The village lies on the former route of the A249 road, a major road from Maidstone to the Isle of Sheppey. A bypass was constructed in 1992, and improved again in 2006 during construction of the Sheppey Crossing. Iwade is the nearest settlement to Swale railway station.

In 2014, a prehistoric henge was discovered during the development of new homes. It is believed to date from around 6000BC and is 30 m in diameter.

==Facilities==
Iwade has a village hall and a public house (The Woolpack). The village church is dedicated to All Saints and was established around the 13th century.
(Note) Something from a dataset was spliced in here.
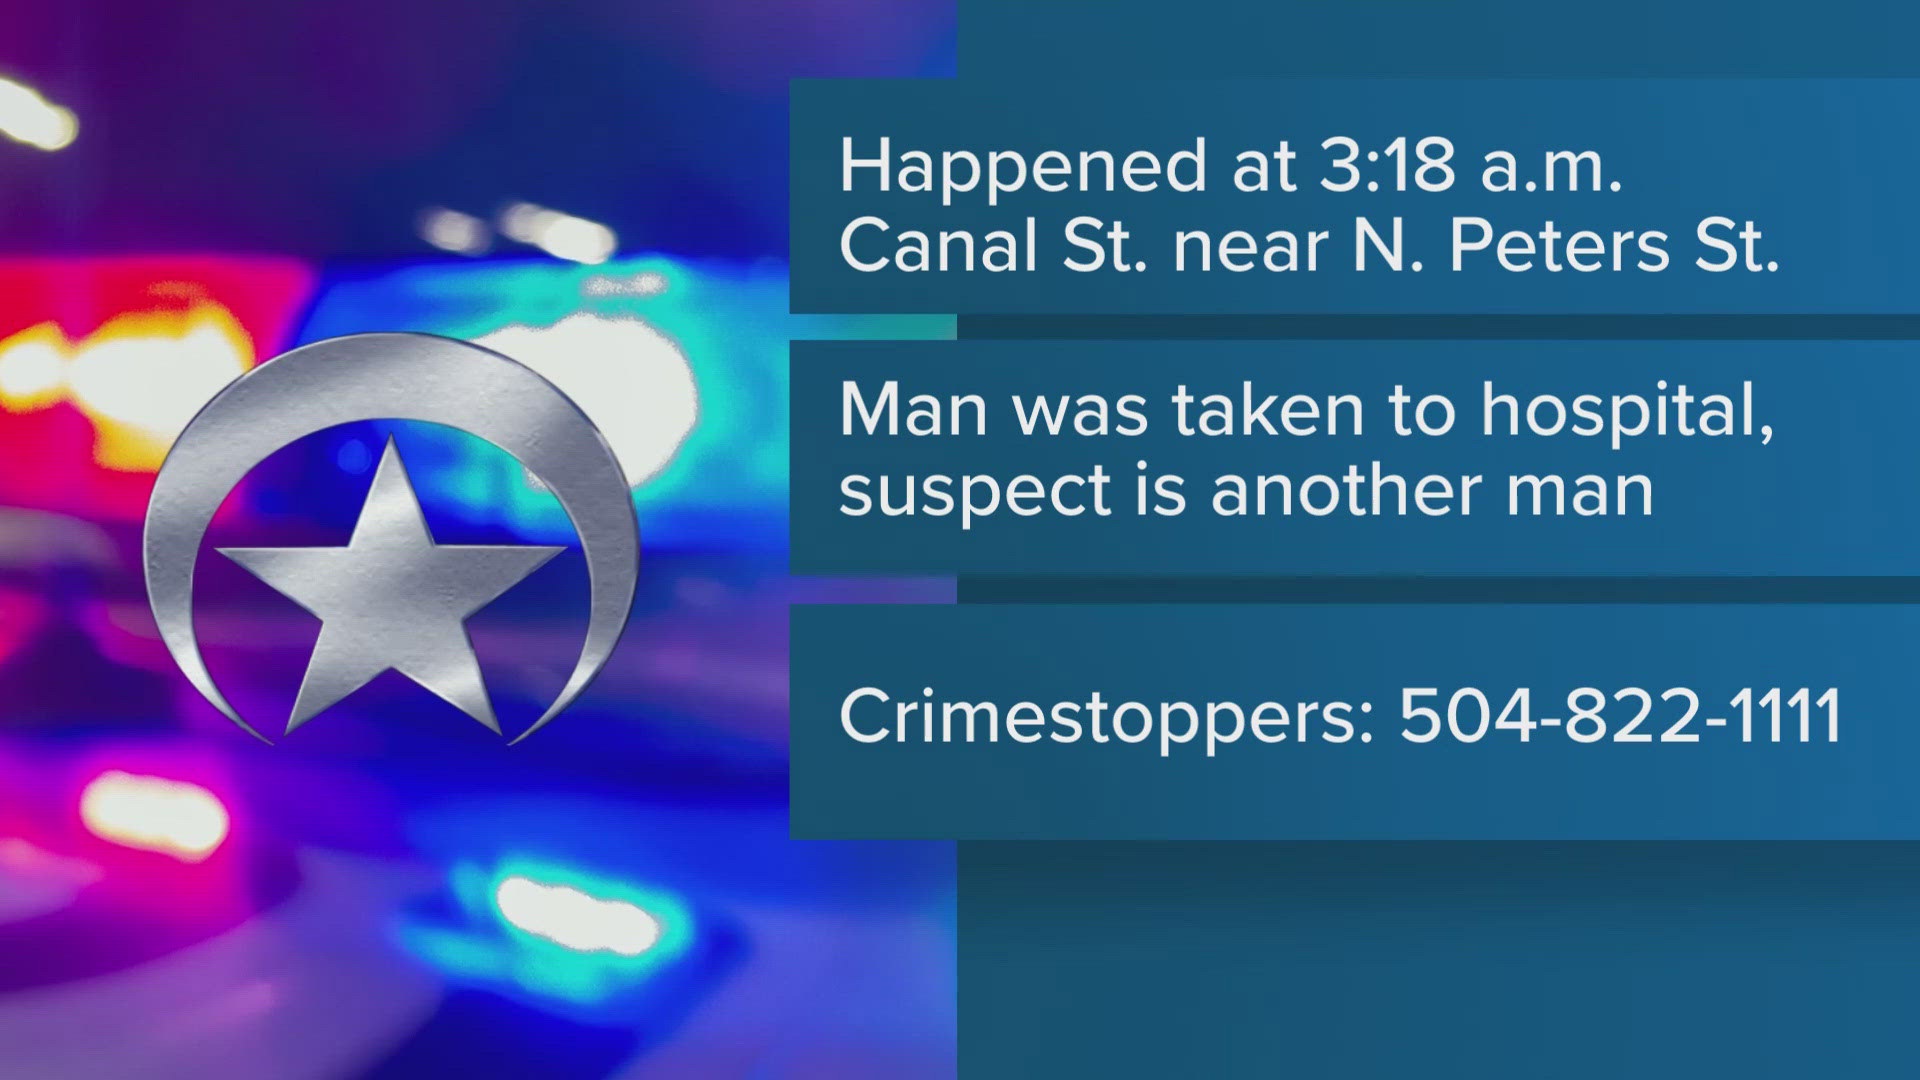 NOPD said it happened on Canal Street near North Peters Street around 3:18 a.m. Saturday.

It was restored in 1874, with a south porch being added in 1893. The church has been a Grade I listed building since 1967. It is within the diocese of Canterbury, and deanery of Sittingbourne.

The Sittingbourne Speedway track is close to Iwade. It offers speedway training facilities for riders, and has been the base of the speedway team Sittingbourne Crusaders who raced in the Conference League. To the north of the village is a Grade II listed Heavy Anti-aircraft gunsite used in World War II. It is one of only nine such sites in the country still existing in its original state, and one of two in Kent.